**Listed entries**:

· · · ·

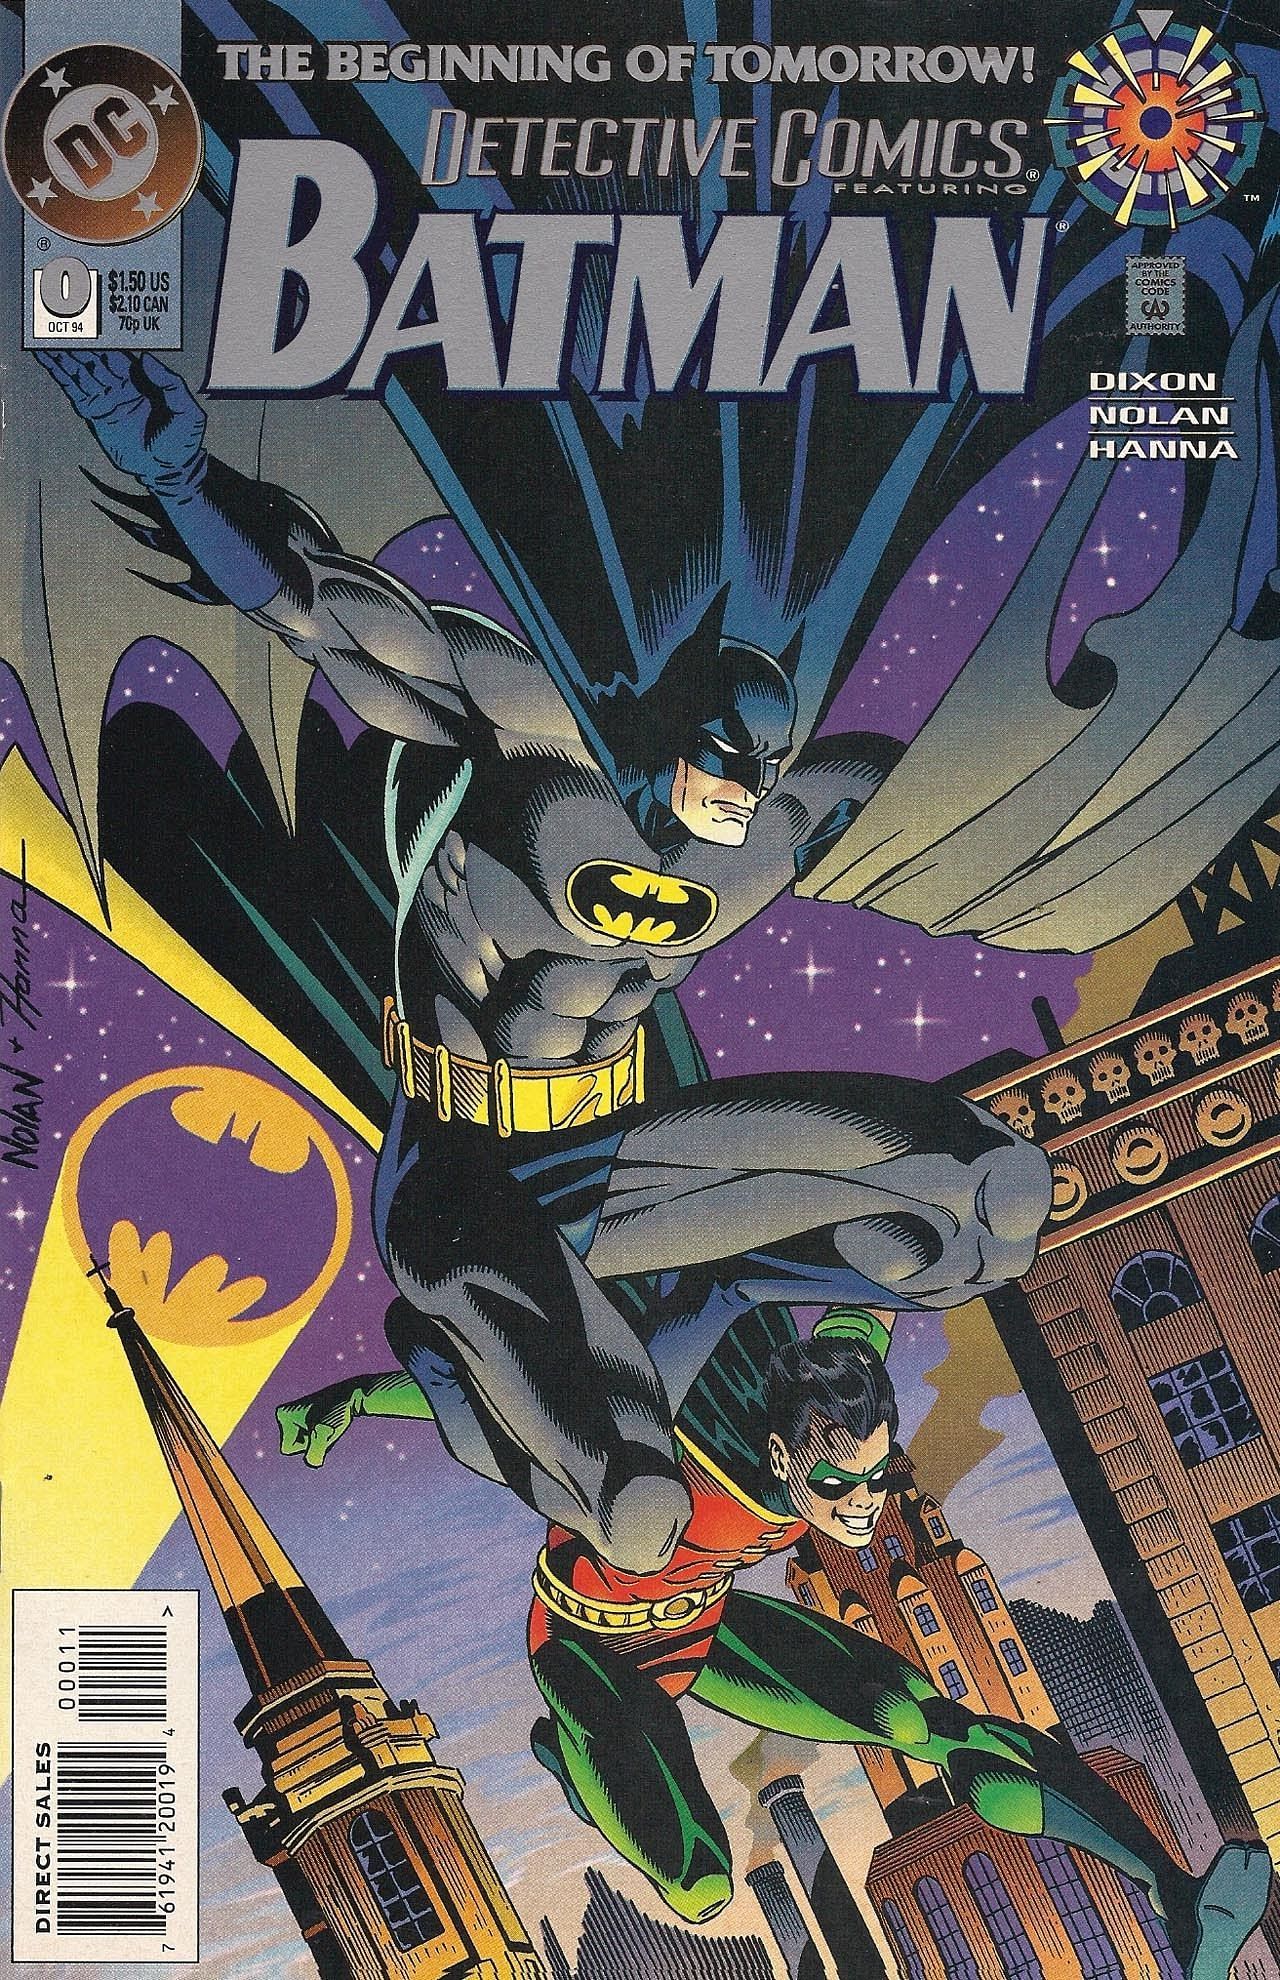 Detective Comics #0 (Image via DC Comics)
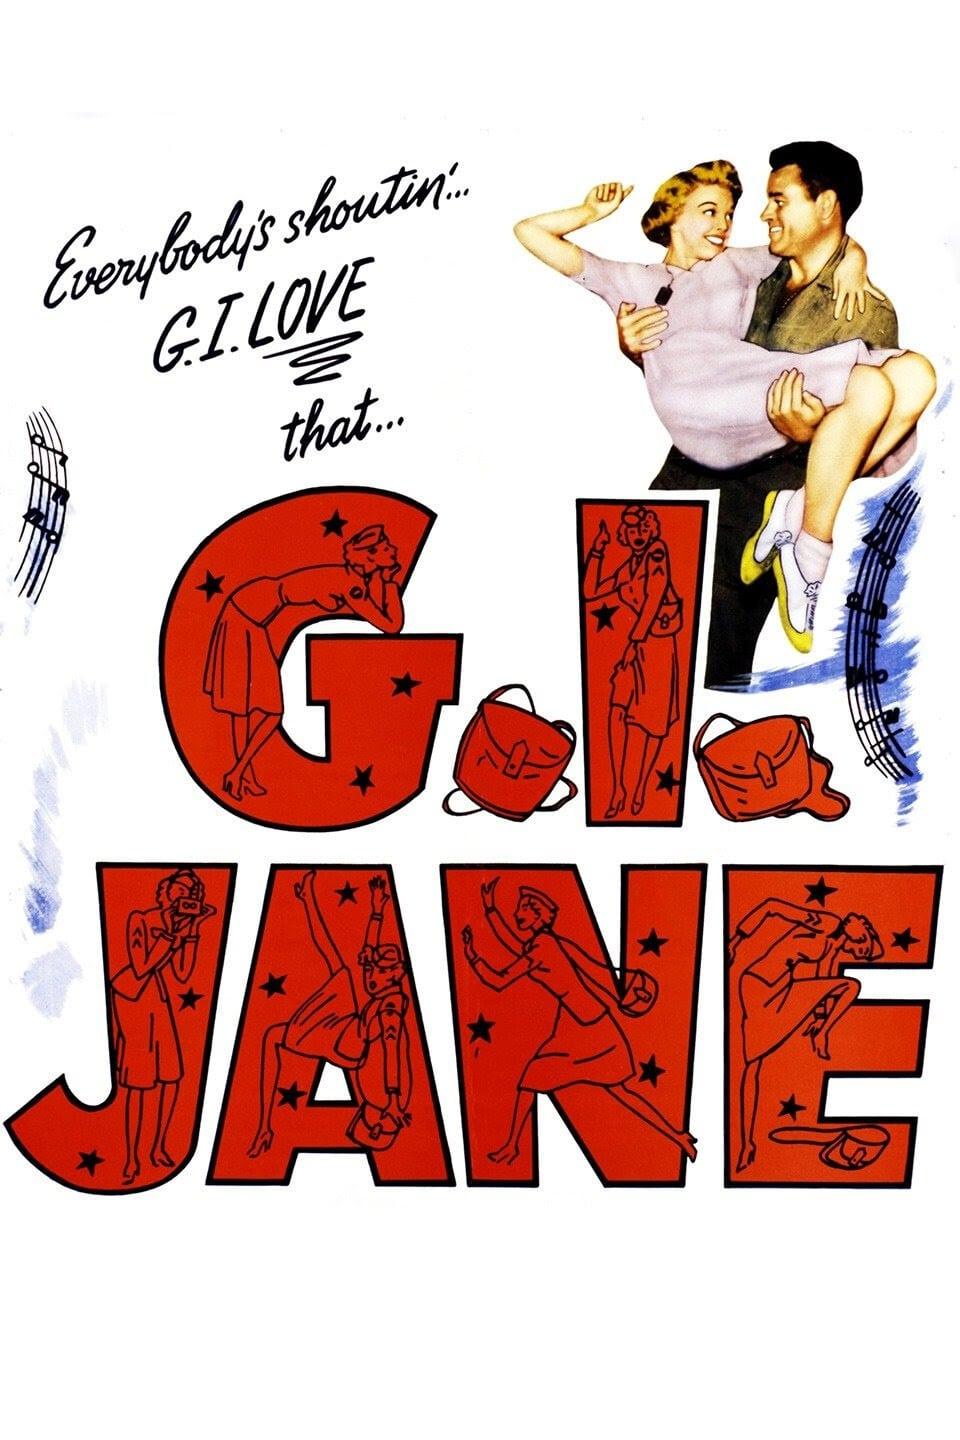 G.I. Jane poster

· · · ·

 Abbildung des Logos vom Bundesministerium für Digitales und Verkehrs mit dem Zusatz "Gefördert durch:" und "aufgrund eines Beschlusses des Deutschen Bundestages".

· · · ·

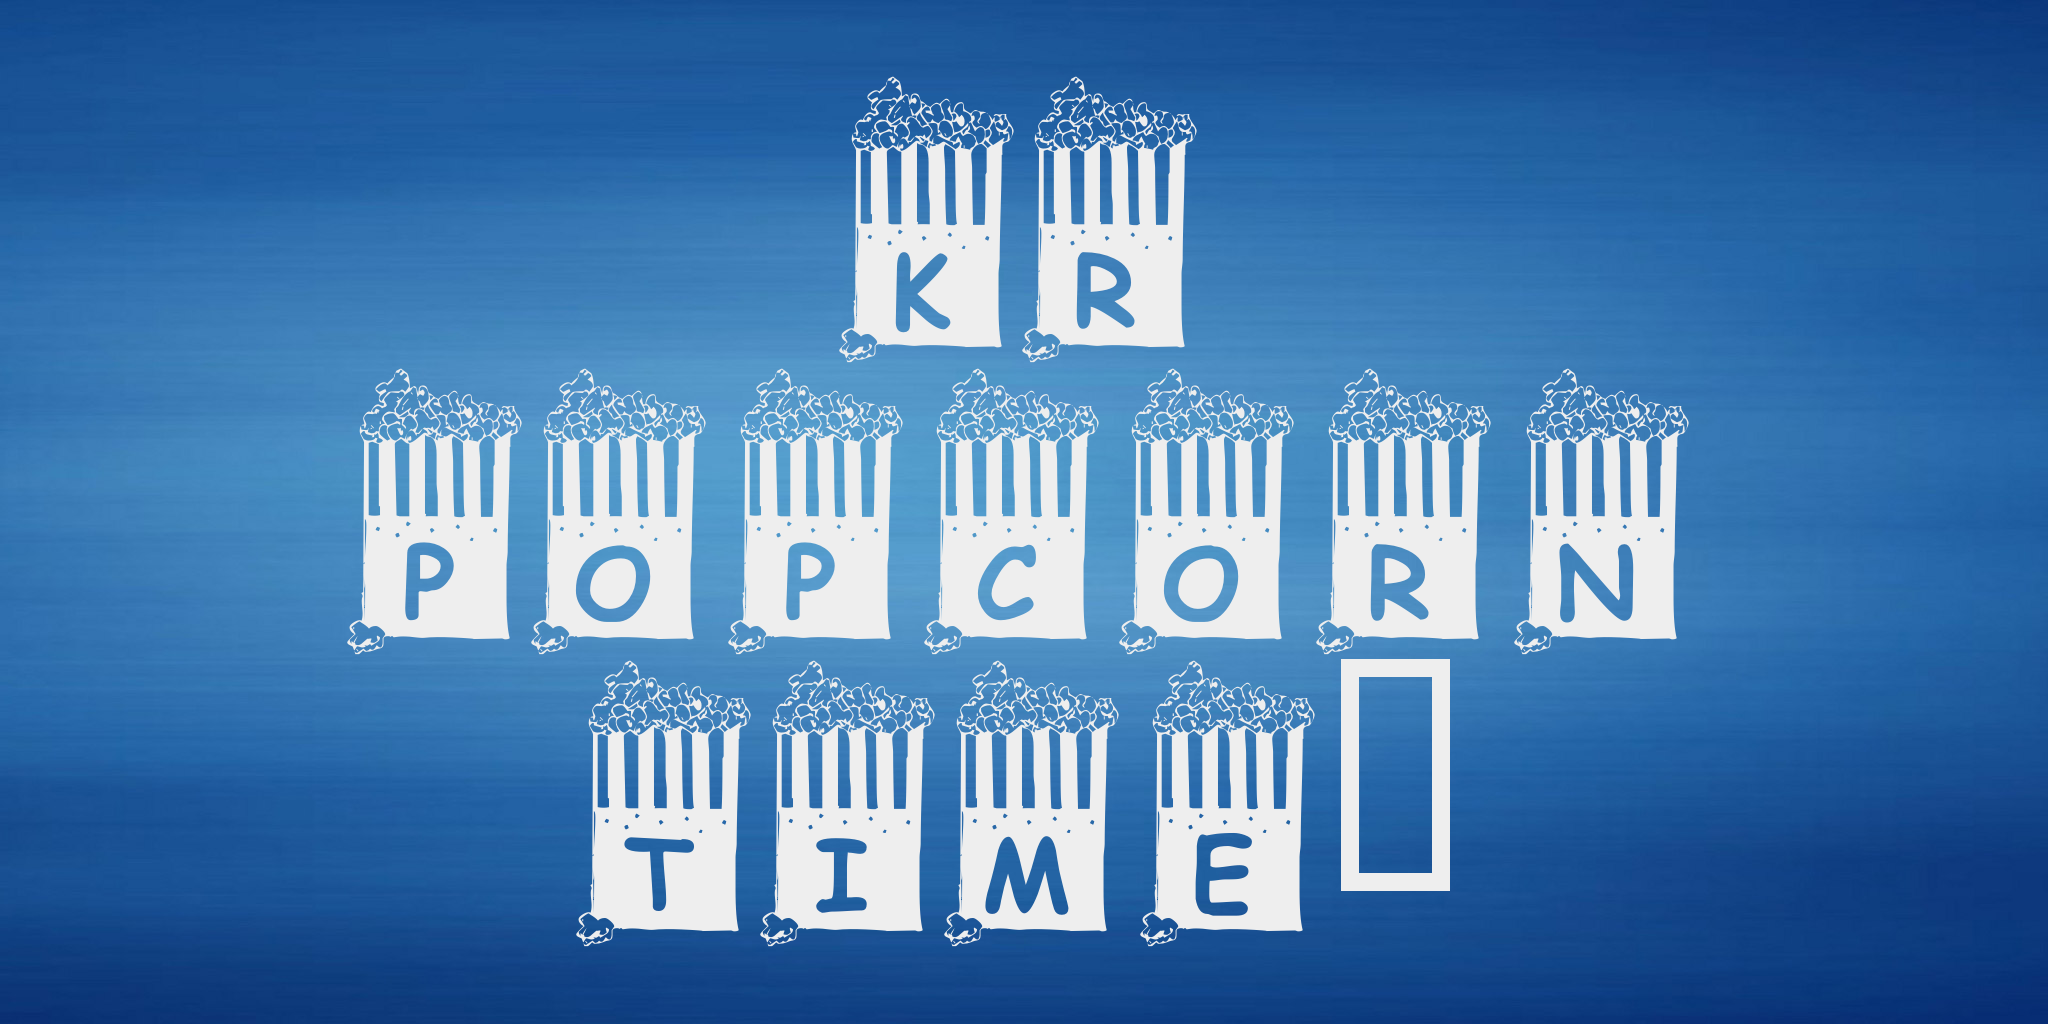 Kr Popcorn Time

· · · ·

**Activity**:
Pictures are to be left out. Write out only the lines above starting at the one with "Detective Comics #0 (Image via DC Comics)" and ending at the one with "G.I. Jane poster", both lines included, exactly.

**Answer for the task**:
 Detective Comics #0 (Image via DC Comics)
 G.I. Jane poster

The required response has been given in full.